On machine learning tasks, DGX-1 achieves up to 85x higher operation intensity when compared Cambricon-F100. This difference is caused by the implicit management of intermediate memory in Cambricon-F. In Cambricon-F, programmers do not manipulate on memories except the main memory explicitly, Cambricon-F will write the intermediate result after each instruction back to the root once the tensor transposition mechanics failed to forward the data, which caused the traffic on root raised. For control intensive workloads as ML tasks in the benchmark, control flow always breaks the FISA pipeline and data forwarding, forcing the intermediate results written back to the root. K-NN and SVM have a relatively complete essential computation block. For K-NN, calculating distances between each pair of samples constituted  $\geqslant$  95% of the total runtime, and for SVM, the kernel between each pair of samples, which is sufficiently operation-intensive, is calculated in each iteration. Thus, their operational intensity on Cambricon-F is less affected. K-MEANS and LVQ are also iterative algorithms as SVM is, but they do not have an operation-intensive computation block in each iteration, thus their operational intensity is more affected, which heavily limited the performance attainable. Moreover, the significantly smaller granularities of operations on these two benchmarks may be insufficient to hide the control latency of Cambricon-F nodes, resulting in an even worse performance on Cambricon-F100 compared to Cambricon-F1. With such a better operational intensity, DGX-1 has still shown a significant gap between attained performance and the roofline, since the bottleneck of GPU system is between graphic memories and chips. For K-MEANS and LVQ, GPU suffers from the control flow either and showing an even worse performance.

#### 7. DISCUSSION

GPU. GPUs have been the most commonly used accelerators for machine learning workloads for their high performance. However, the slowly increasing bandwidth started to limit the performance of GPUs from five years ago. Figure 16 shows the sustained growth of memory bandwidth and the number of cores for NVIDIA GPUs. While the growth rate of memory bandwidth still maintains about 15% annually for last 10 years, the growth rate of the number of cores has dramatically reduced-67.6% per year during 2009 to 2013 and 8.8% per year for last 5 years. GPUs can not simply benefit from increasing peak performance (i.e., the number of cores) for memory intensive workloads due to the bandwidth limitation. In a GPU, all cores are designed to retrieve data directly from graphics memory. In the scenario that two neighboring cores require the same data, GPU will transfer that data twice on the graphics memory bus inefficiently. To help reduce the duplicated memory accesses, architects have put caches and memory compression mechanics on GPU [53, 54]. But it did not solve the problem fundamentally.

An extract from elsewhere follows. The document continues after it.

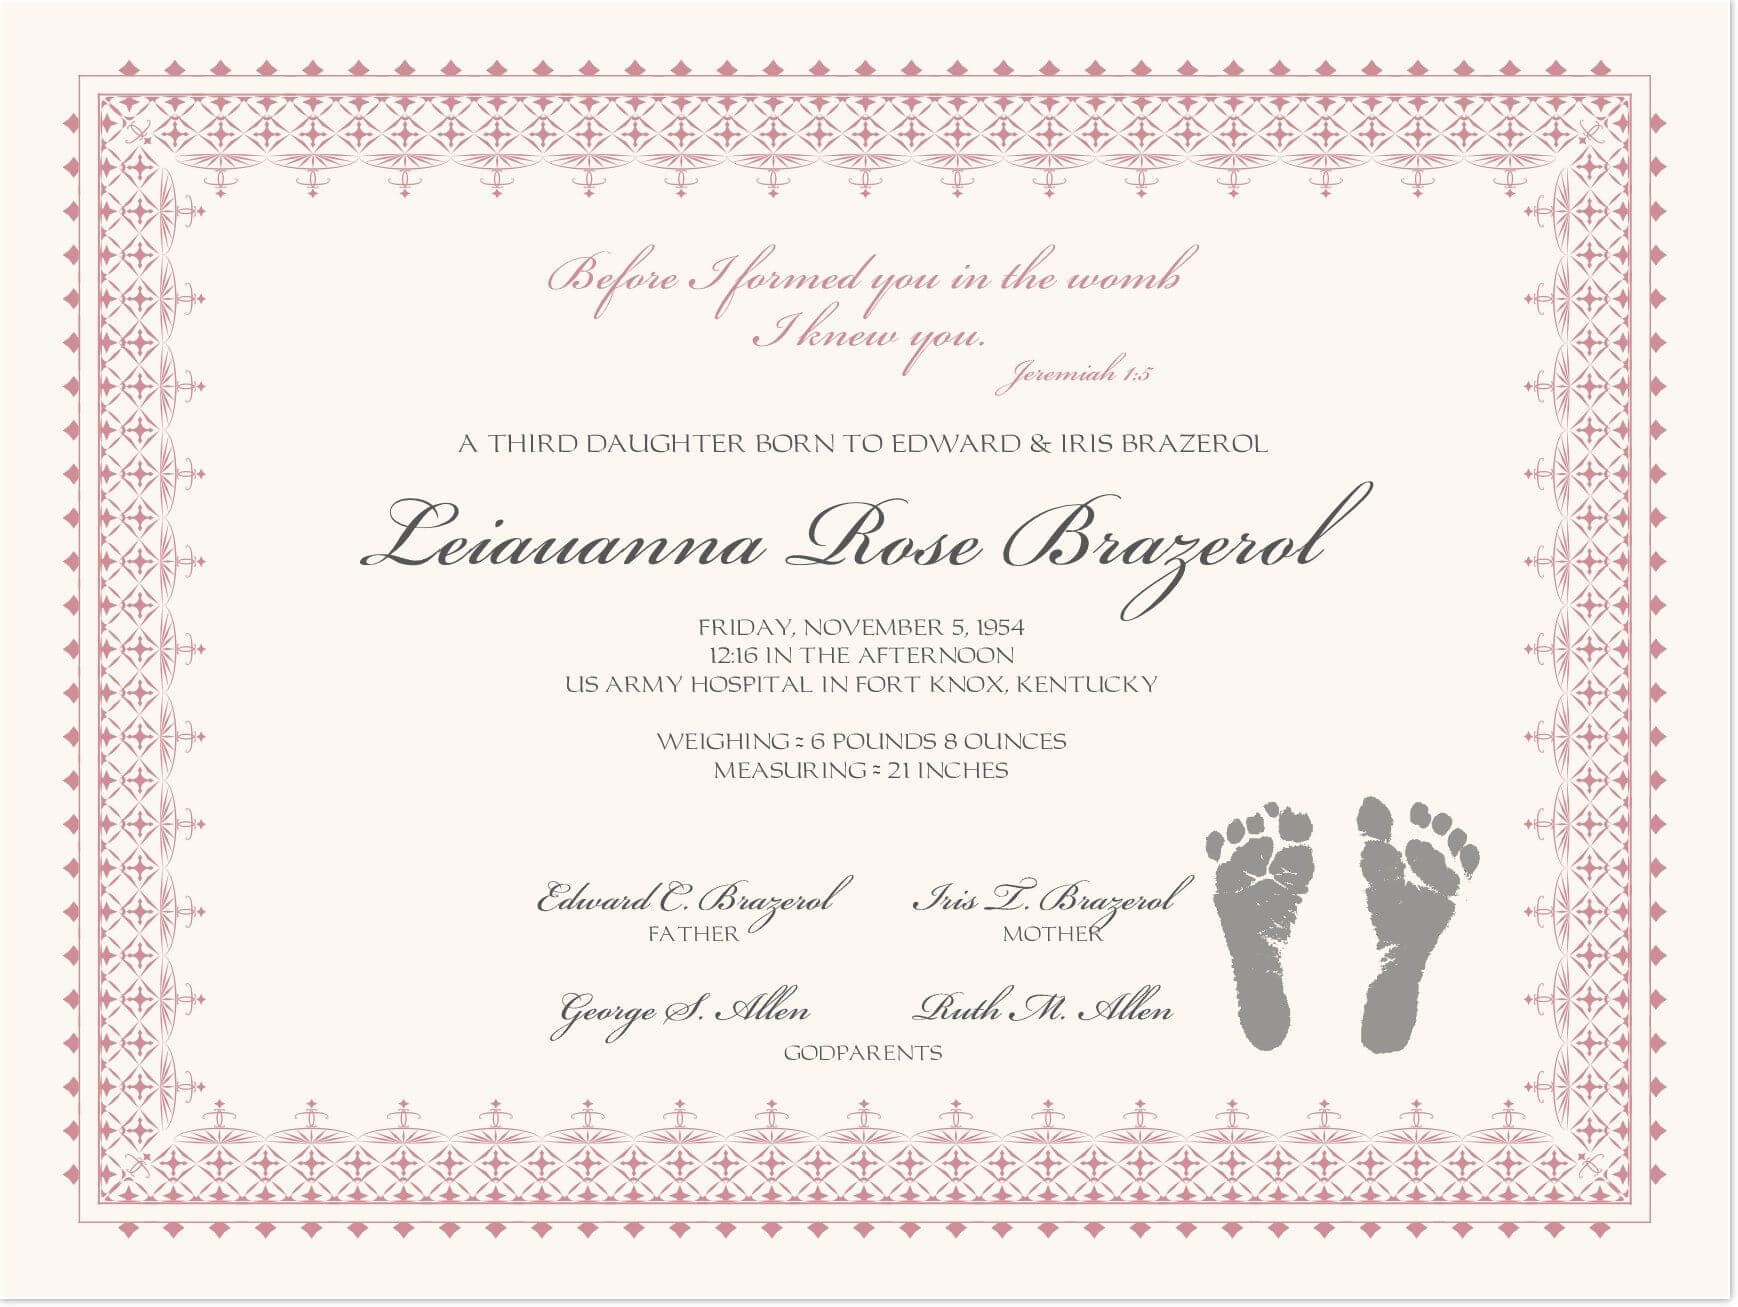 Footprints Baby Certificates | Birth Certificate Template For Baby Dedication Certificate Template

Unlike GPU, Cambricon-F organized cores in a fractal way. The intermediate nodes in Cambricon-F will serve as agents of leaf cores, and combine memory requests from leaf cores as a greater request, eliminating duplicated data traffics. By analysis of memory bounded operational intensity, Cambricon-F reduces 73.4%~98.8% of the memory traffic between DRAM and chips when compared to graphics memory traffic in GPU. In other words, Cambricon-F has better scalability.

Comparing with ASIC accelerators. TPU adopted a systolic architecture for deep learning workloads and thus decomposed the communications in a systolic manner, which evenly distributed among PEs. With a systolic array, one can also build a fractal



Figure 16: Growth in cores and bandwidth of NVIDIA GPUs since 2009.

computer. However, the versatility is the major consideration that we did not choose systolic fractal-computer in this paper. Despite various machine learning techniques, Cambricon-F is able to support any operation as long as it can be resolved as fractal operations.

DaDianNao placed all data involved in the computation in local memory where data is transmitted onto the chip only once. A similar effect happens in Cambricon-F when data fits in local memory, where duplicated global memory accesses are replaced by local memory accesses by tensor transposition. But unlike DaDianNao that its workload size is strictly limited by its memory size, Cambricon-F is still able to support workload in any size with fractal decomposition.

#### 8. RELATED WORK

**Machine learning accelerators.** Due to the end of Moore's Law and Dennard Scaling, domain-specific accelerators designed for machine learning, especially DNNs, have become hot topics of computer architecture community in recent years. Many machine learning workloads have high intrinsic parallelism to be exploited by specific architecture. 15% of all papers on ISCA'16 are relevant to DNN accelerators and increased further to 26% on ISCA'18. Most recent works are included in [55–61].

Yunji Chen et al. proposed the DianNao family of machine learning accelerators [21,22,37–39], which minimizes memory accesses to achieve both high performance and low power consumption. Yu-Hsin Chen et al. proposed Eyeriss [23] accelerator for deep CNNs which adopts a reconfigurable data path and running-length compression to skip zeros in the data, both to minimize memory access. Google's TPU [40] adopts a systolic array of PEs as its computing component to eliminate the requirement of local memory on PEs. Many previous works have shown that minimizing memory accesses is essential for machine learning accelerators, but have not quantized the effects of their efforts to reduce memory accesses.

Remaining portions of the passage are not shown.